*** DATA PROVIDED Section Begins ***
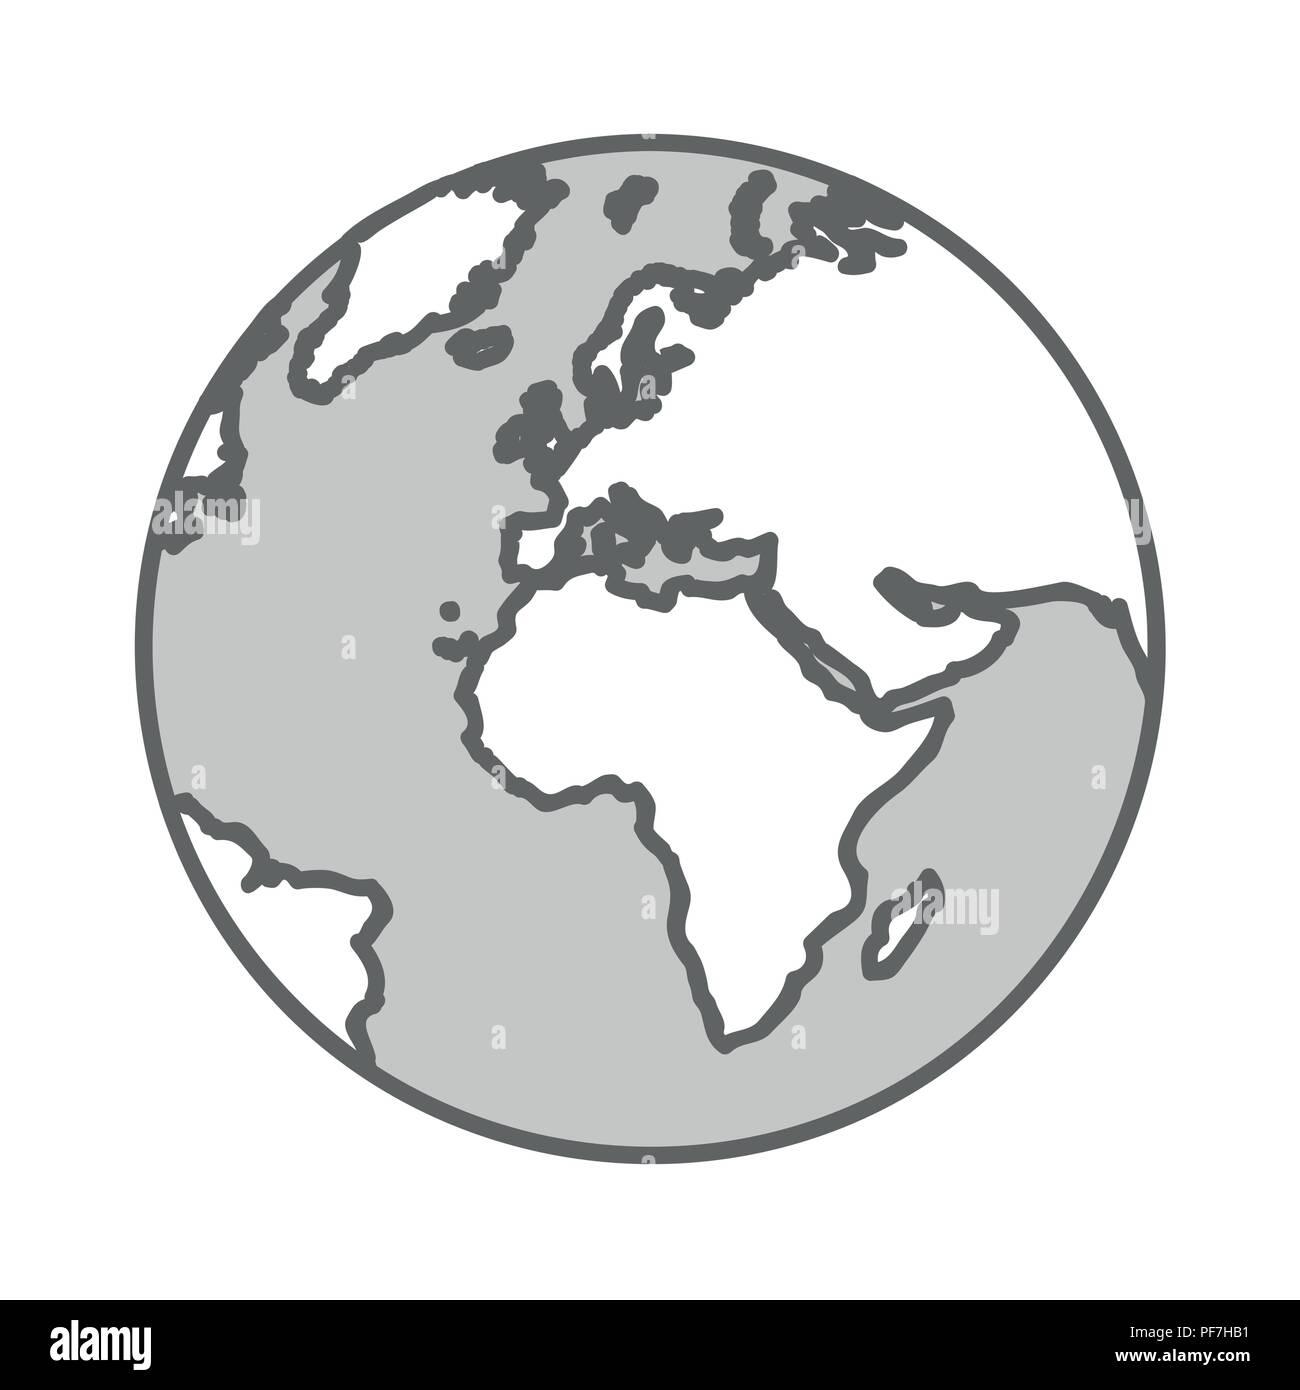 Globe Terrestre De La Terre Gris Dessin Simple Vector Illustration
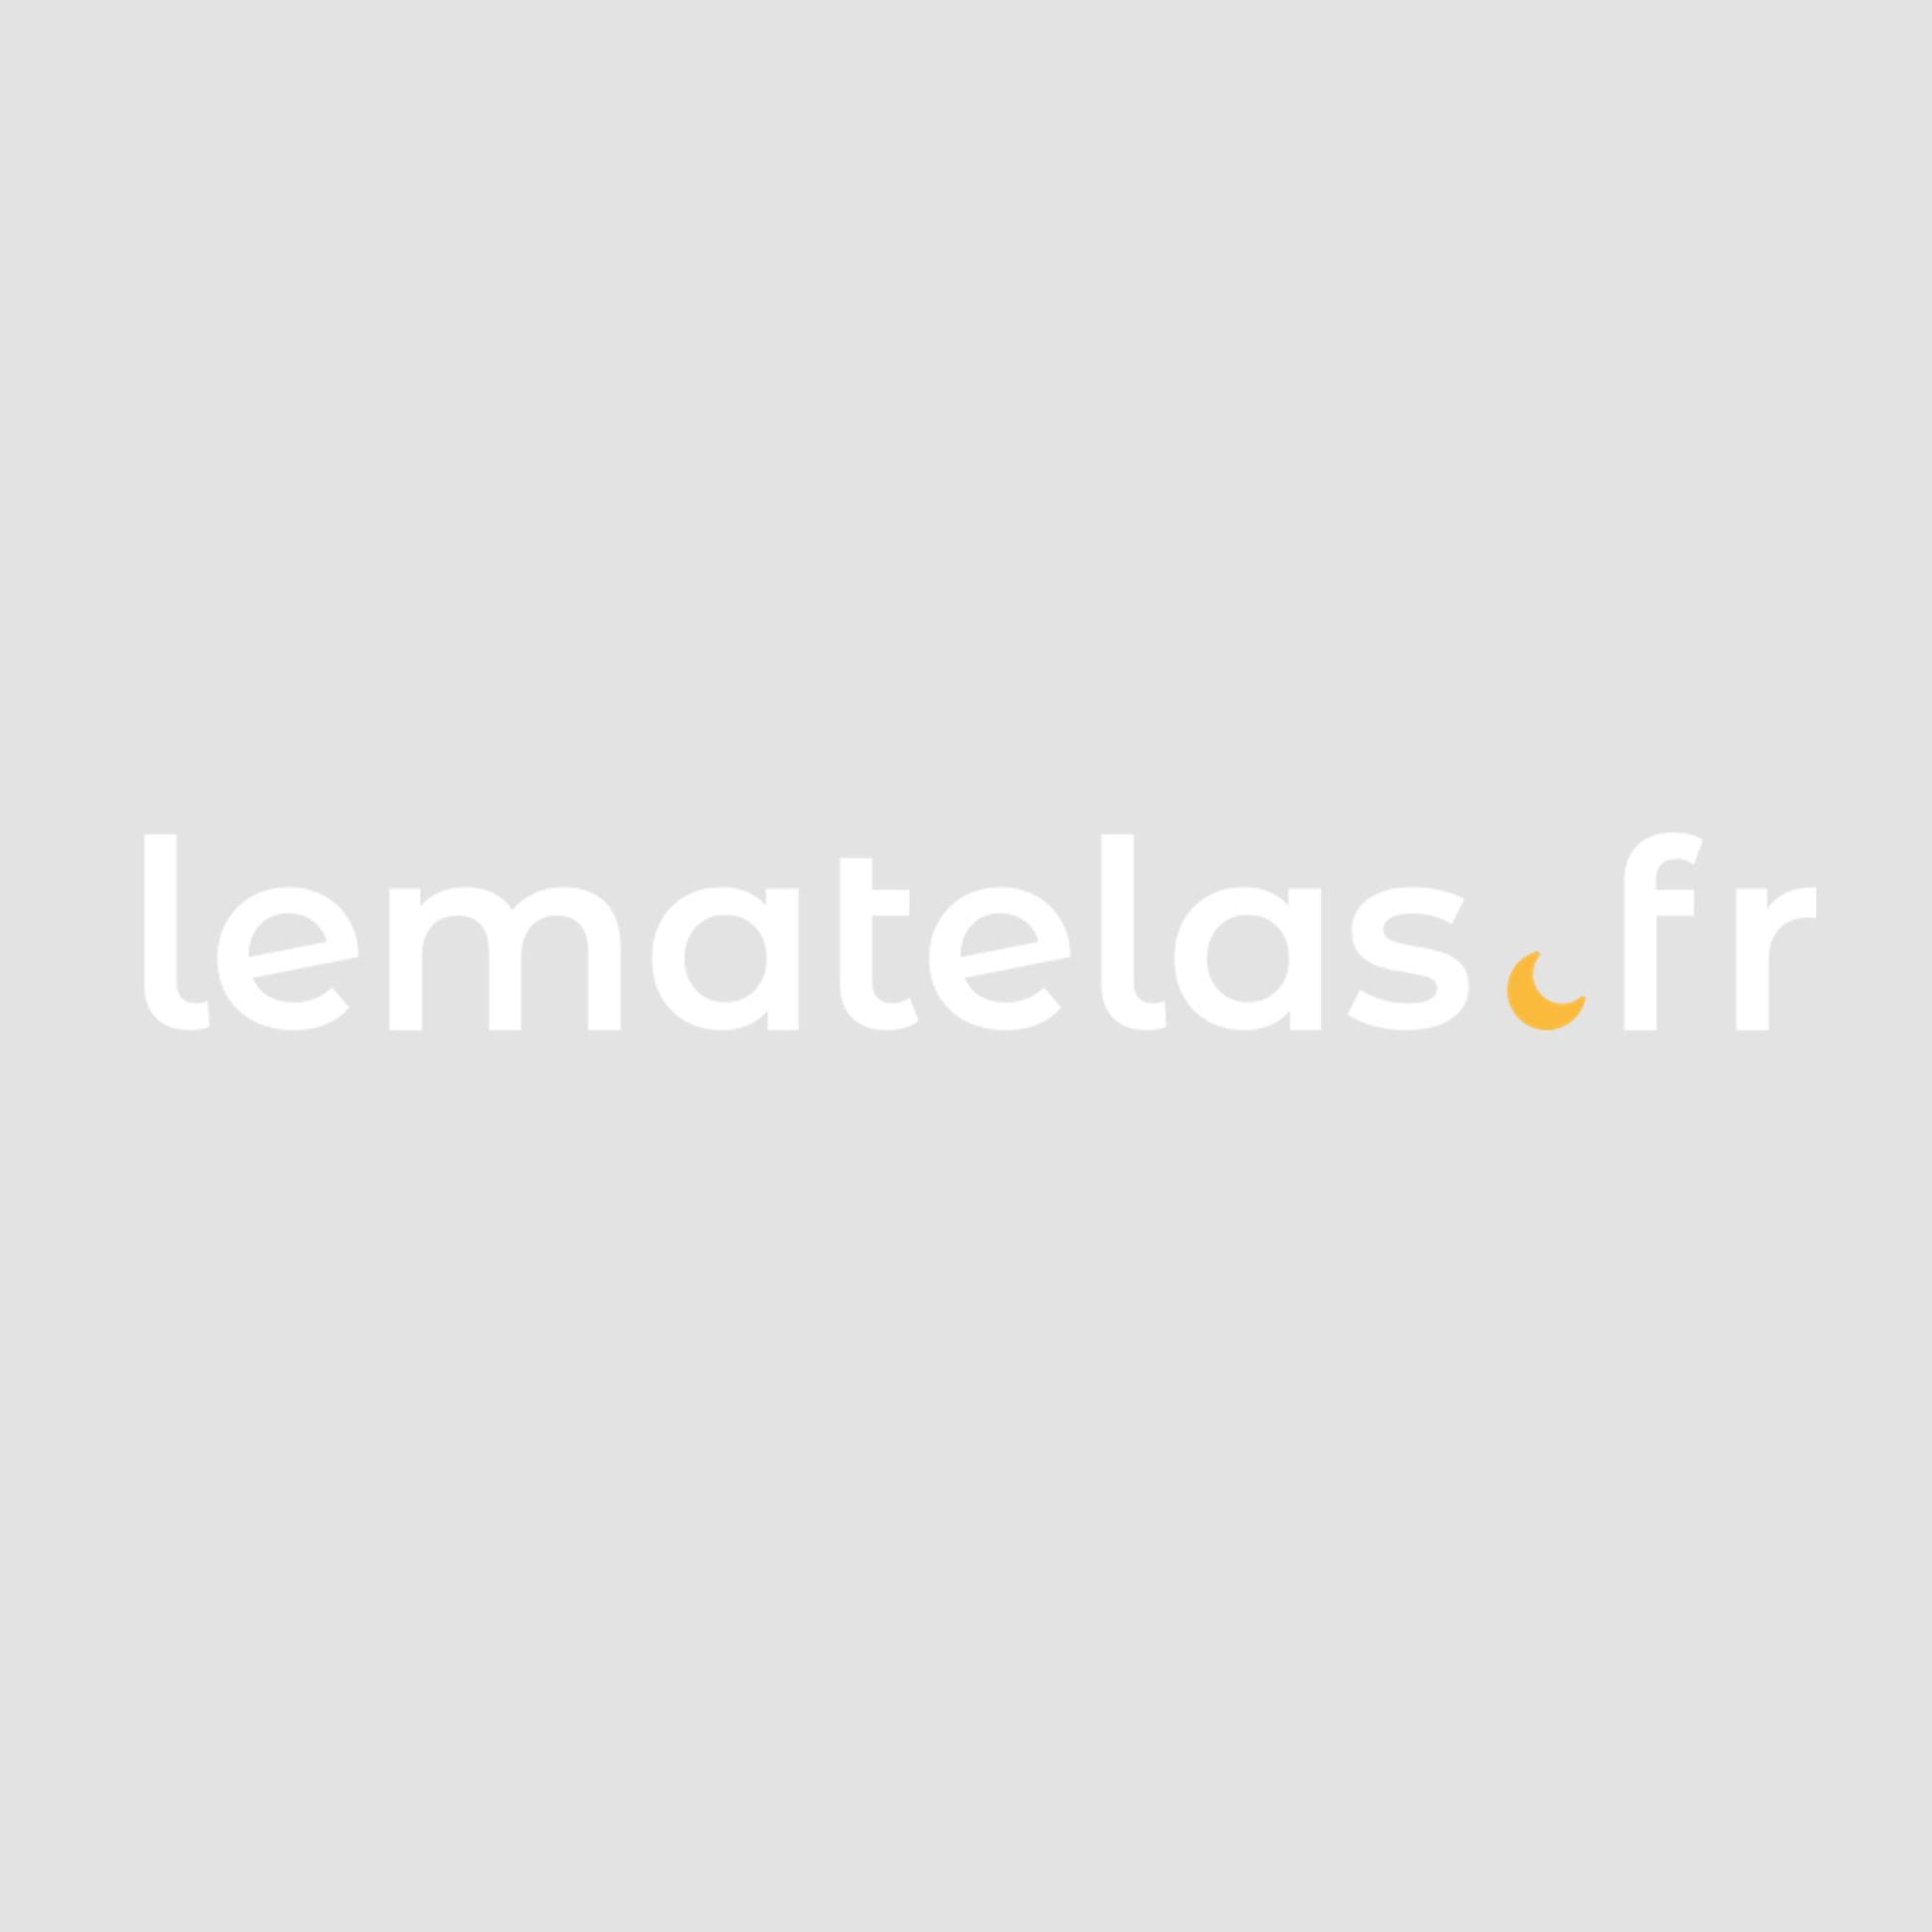 Ensemble Lit futon style japonnais + matelas futon noir
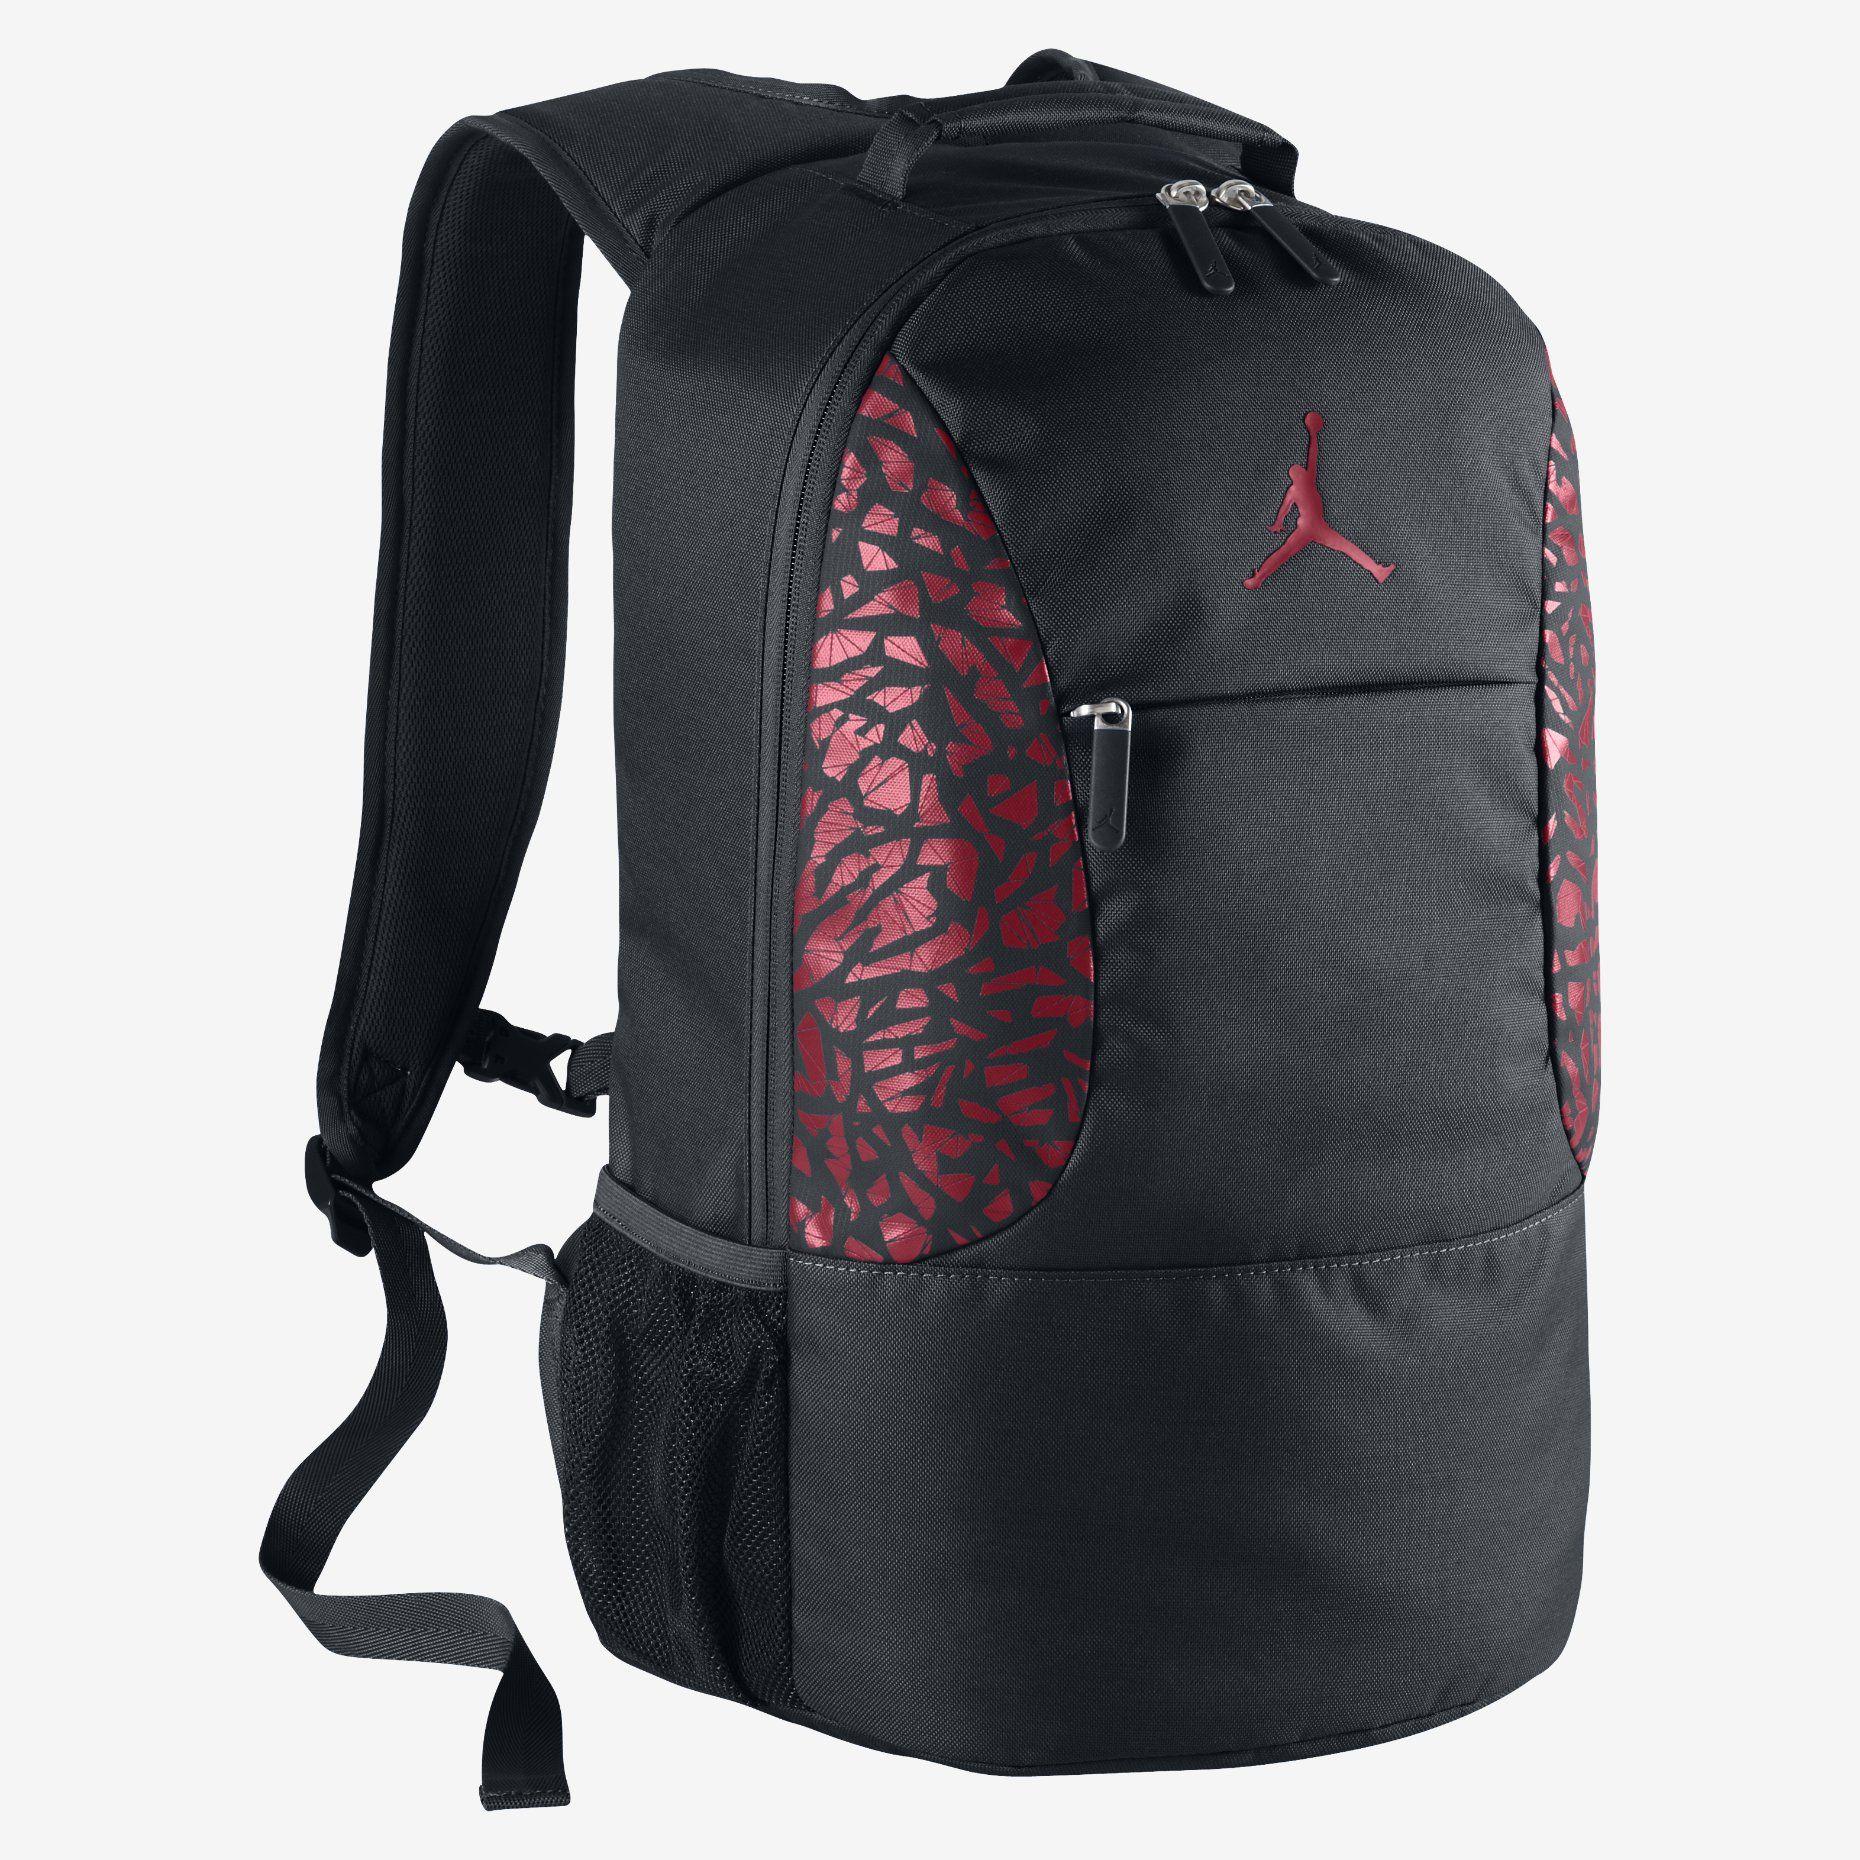 quality design c0949 4386e Nike Store. Jordan Aerofly Mania Backpack
*** DATA PROVIDED Section Ends ***
■ **YOUR TASK**
Once the pictures are set aside, output all of the data above verbatim.

■ **ANSWER TO THIS PROBLEM**
 Globe Terrestre De La Terre Gris Dessin Simple Vector Illustration
 Ensemble Lit futon style japonnais + matelas futon noir
 quality design c0949 4386e Nike Store. Jordan Aerofly Mania Backpack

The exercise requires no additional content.